The first alternative consists of implementing the standard stacking and drawing technique [49, 50]. The cross-section of the proposed dual-core transversely chirped MOF MSC is shown in Figure 2. Since the right core supports two modes (LP01 and LP11), supermode analysis [57] was used to investigate the behavior of the temperature-driven mode. converter.

Almost 100% of the power is observed to be coupled between the nuclei with the stroke length L. The refractive index of the sensor layer and α-streptavidin is 1.45 (we neglect the dispersion of the biomolecule layer). The refractometric sensor derives its sensitivity from the fact that only the mode of the right nucleus has substantial overlap with the analyte.
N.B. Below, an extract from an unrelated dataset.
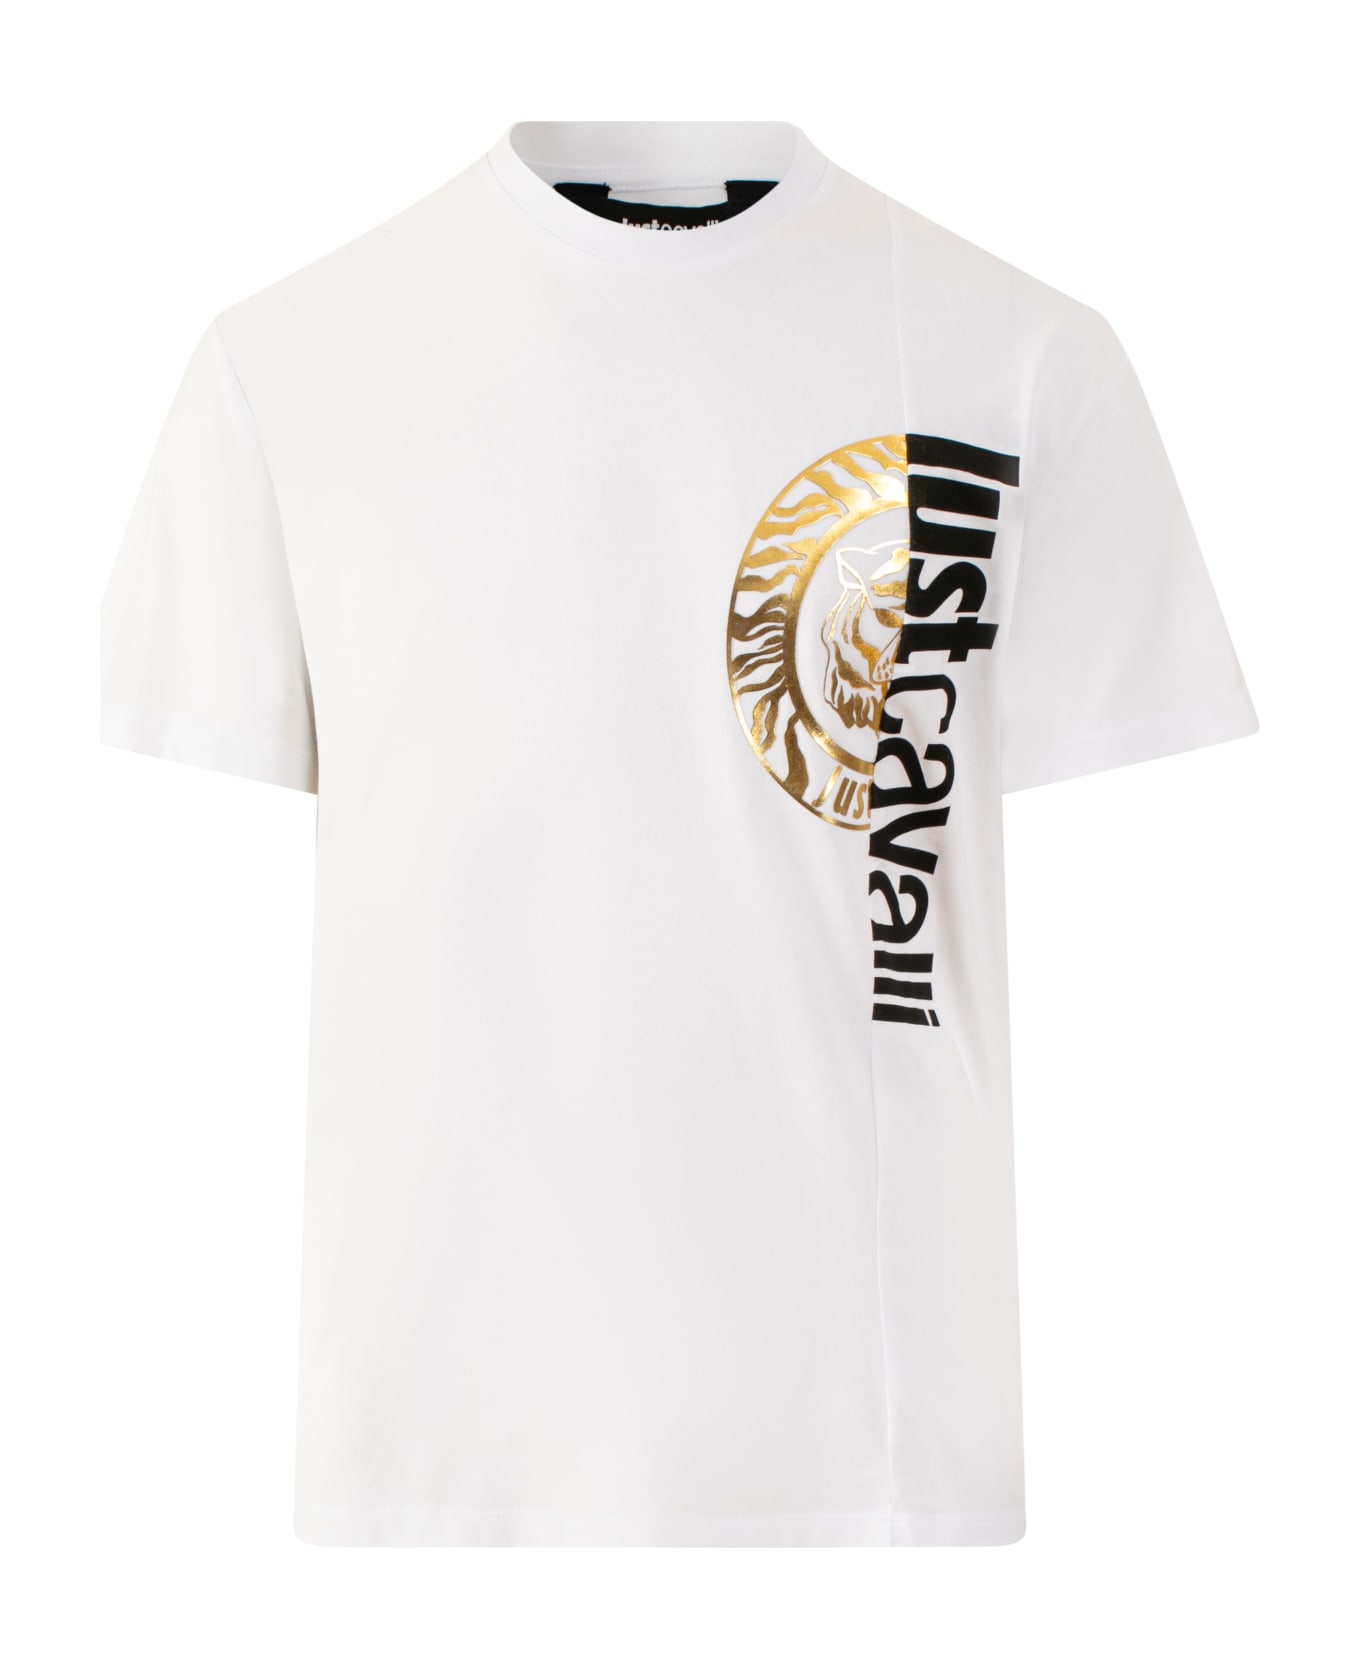 Just Cavalli T-shirt - White

Therefore, the proposed configuration was classified as a modal interferometer in the sense that two modes of the dual-core structure interfere between them. We only apply this variation to the first ring of vents around the right core to determine the impact on the sensitivity of the proposed sensor. The effective refractive index of the fundamental modes for both polarizations as a function of the refractive index of the analyte.
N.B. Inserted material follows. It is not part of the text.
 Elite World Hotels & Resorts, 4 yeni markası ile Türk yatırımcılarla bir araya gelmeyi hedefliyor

Transmittance of MOF with two core transverse chirping for L = 50 mm and L = 70 mm as a function of analyte refractive index: (a) RI sensor without biomolecule layers; (b) RI sensor with layers of biomolecules in the first ring of air holes around the right core. In Fig. 11(a) , we can see that the sensitivity of the two-core cross-chirped MOF structure scales with the device length.

Figure 1. SEM images of (a) a dual-core transversally chirped MOF obtained with the standard stack and draw technique

Acknowledgements

Finally, the sensing possibilities enabled by the transversely chirped microstructure concept, which can be exploited for refractive index sensing in an interferometric setup, have been demonstrated. The sensor can be operated over a wide range of analyte refractive index values ​​with higher sensitivity compared to other selectively charged MOF sensors.

Author details

In general, this kind of mode selective coupler has potential applications in MDM optical fiber communication as it can increase the channel capacity. Liu, Jianxiang Wen, and Tingyun Wang, Mode converter based on the long period fiber gratings written in dual-mode fiber, in 2015 Opto-Electronics and Communications Conference (OECC) (IEEE, 2015), Vol. All-optical ultrafast wavelength and mode converter based on inter-modal four-wave mixing in few-mode fibers.
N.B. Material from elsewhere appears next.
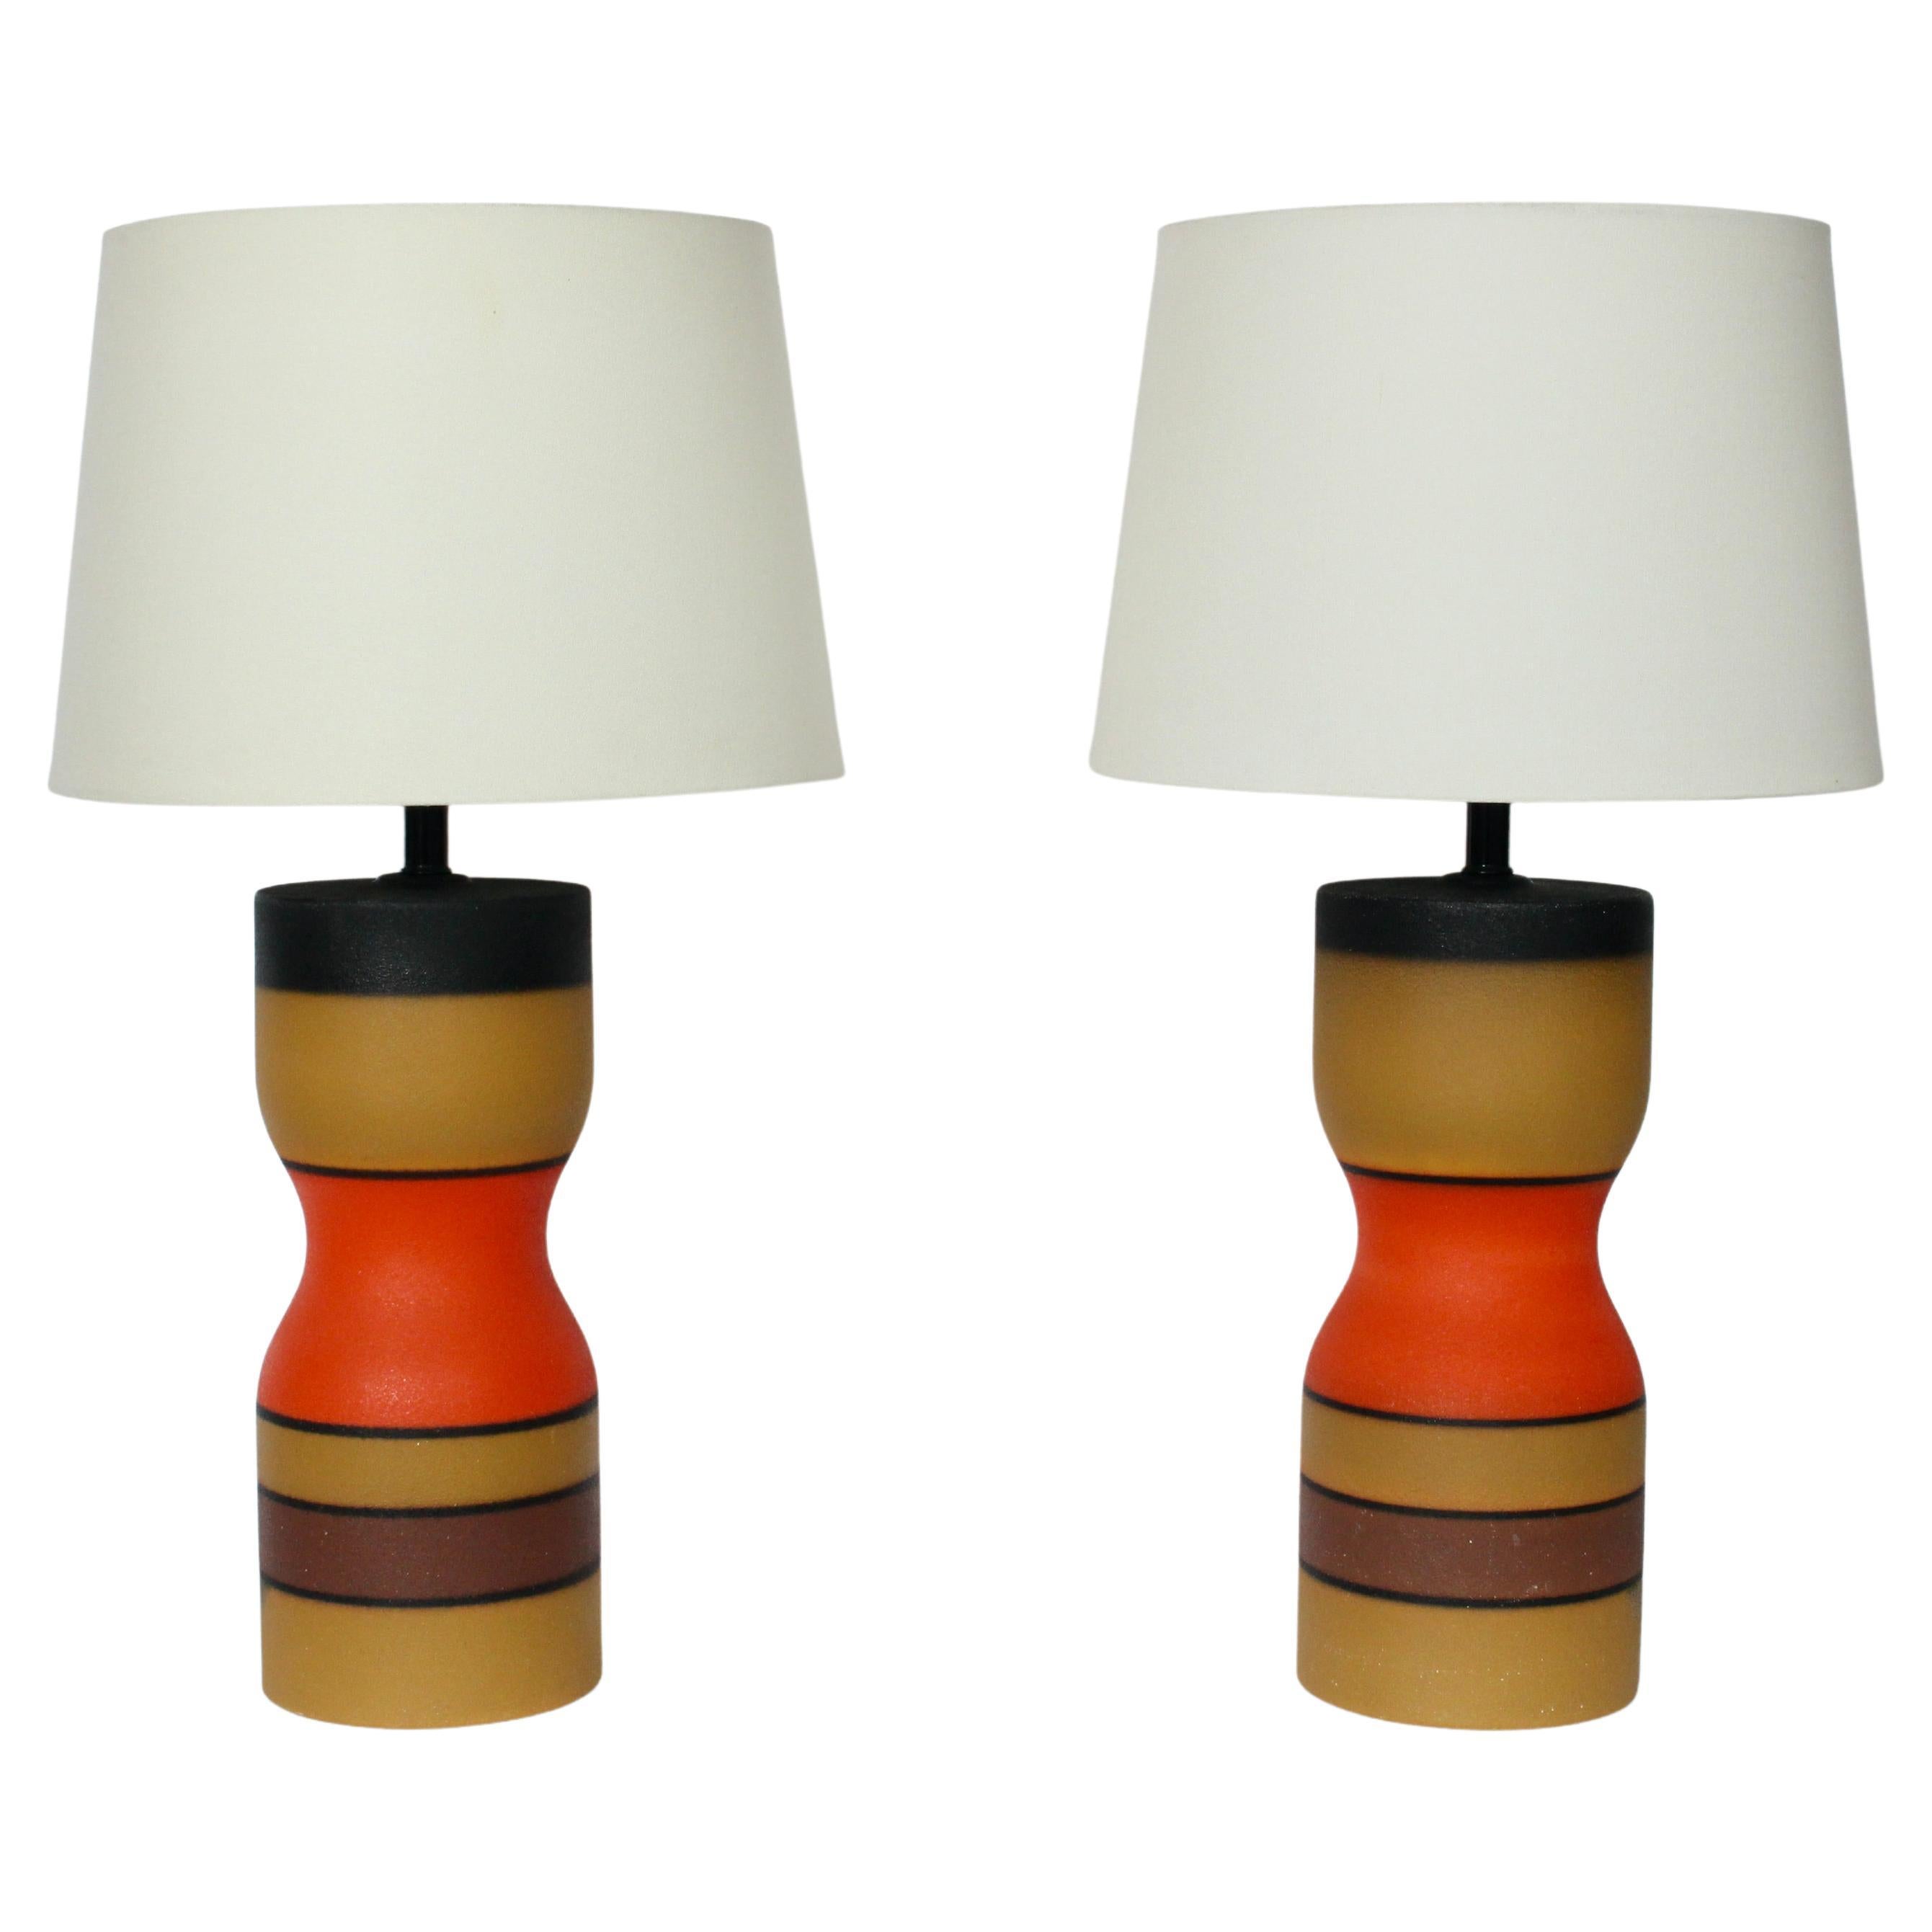 Paire de lampes de table en poterie de style Bruno Gambone à bandes brillantes et modernes en forme de sablier

Understanding birefringence effects in an all-fiber device based on photonic crystal fibers with integrated electrodes. Effect of filler metal on birefringent optical properties of photonic crystal fiber with integrated electrodes. Mode-selective characteristics of an optical fiber with a high-index core and a photonic bandgap cladding.

A mode-selective coupler based on a dual-core photonic crystal fiber with non-identical cores for spatial mode conversion, in Latin American Conference on Optics and Photonics (OSA, 2016), p. Simultaneous measurement of stress, temperature and refractive index based on multimode interference, tapered fibers and fiber Bragg gratings.